Machine Learning for Stimulated Reservoir Volume (SRV) Prediction Using 4-D Micro-seismic Data

Abstract

New methodology of stable, high accuracy estimation and optimization of stimulated reservoir volume (SRV) forecast is presented in this paper. It includes time-related data segmentation, new multilevel feature engineering, analysis of associations and importance of engineered variables. Among first-level feature engineered variables are three quantile-type variables qRangeDepth, qRangeNorth, and qRangeEast. hese three quantile-type variables are used for SRV estimation. In addition to quantile-type variables, two first level variables -trange and event minute are constructed as the first -level variables. These two variables give compact characterization of distribution of microseismic events in time and are used as predictor variables in ML SRV forecast. Second and third level engineered variables are built via transformation of variables of the first level. Although in this paper we focus on the SRV forecast, the same ideas are applicable to the characterization and forecasting of the plume volume in carbon storage and monitoring applications.

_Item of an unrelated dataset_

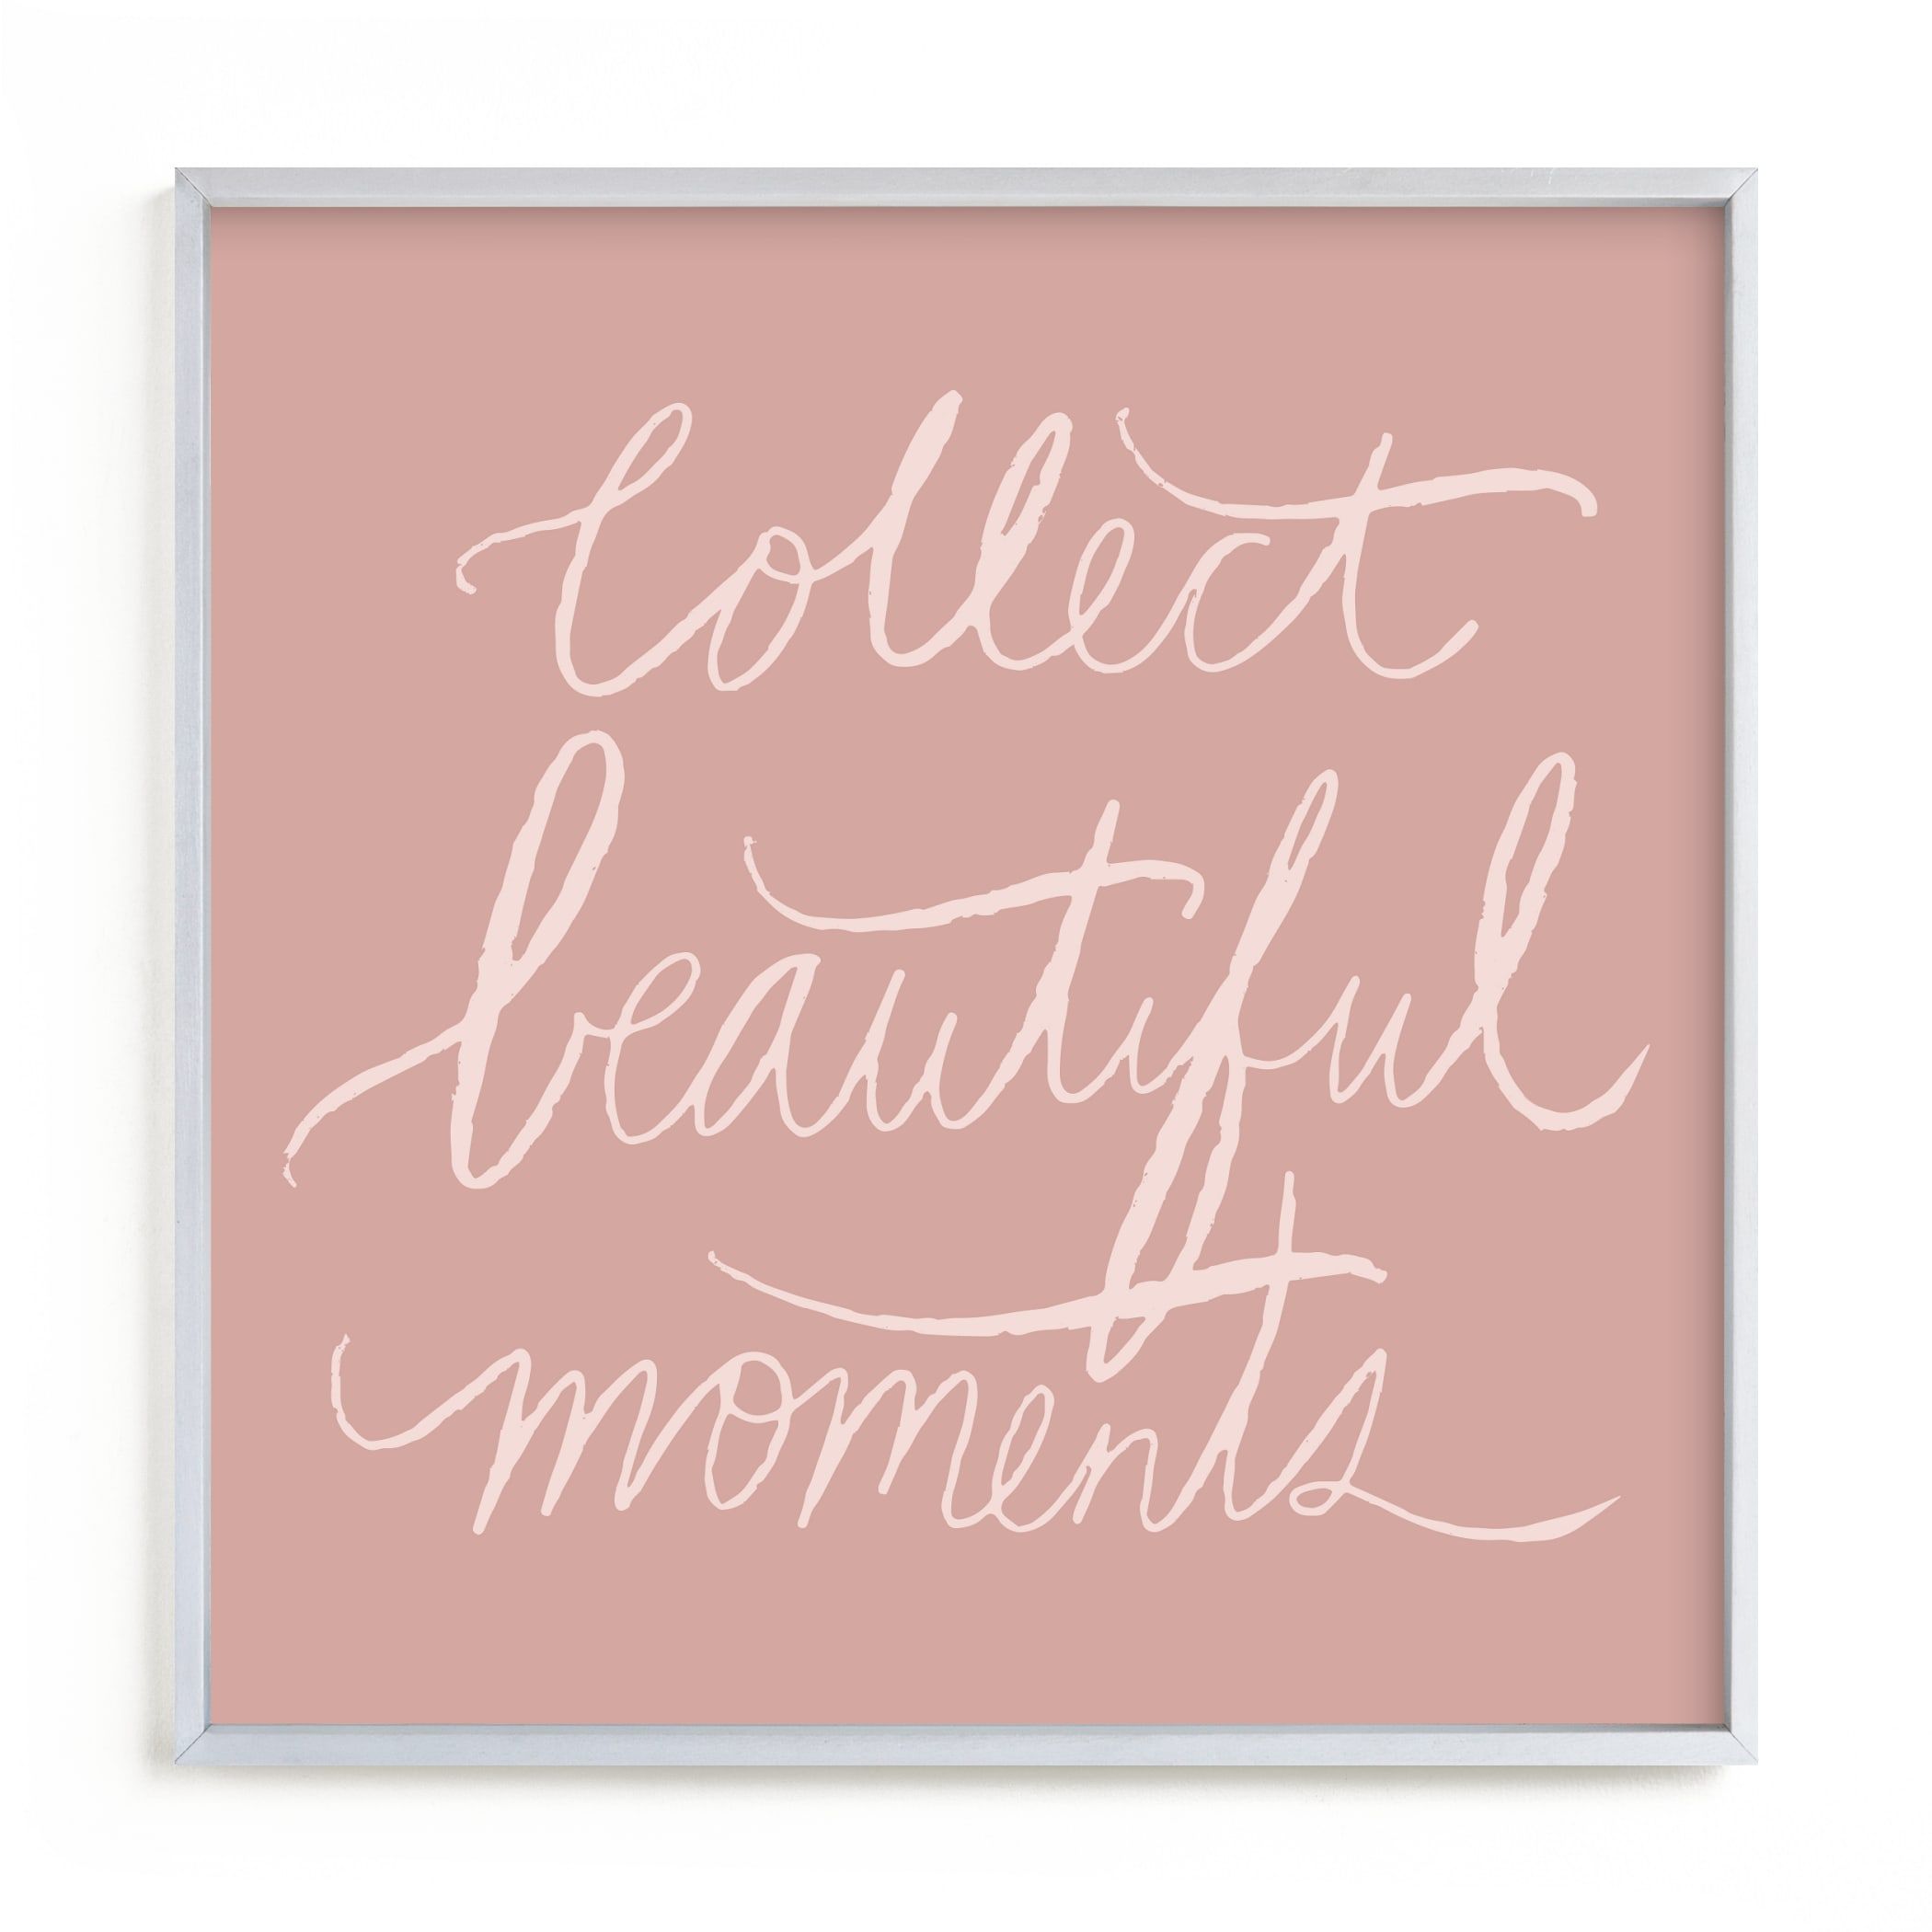 collect beautiful moments | Minted

A linear regression method and two ML methods - random forest, and regression tree are used for the SRV forecast. It is demonstrated that in the case of selection of appropriate set of first and second level predictor variables even simplistic linear regression may produce accurate SRV forecasts. Still, machine learning methods produce more accurate forecasts characterized by high values of accuracy parameters r.squared and correlation between SRV and its forecast values. Our results can have a significant impact on the proper design of a hydraulic fracturing operation. It can also be used for monitoring CO2 plume in carbon sequestration sites.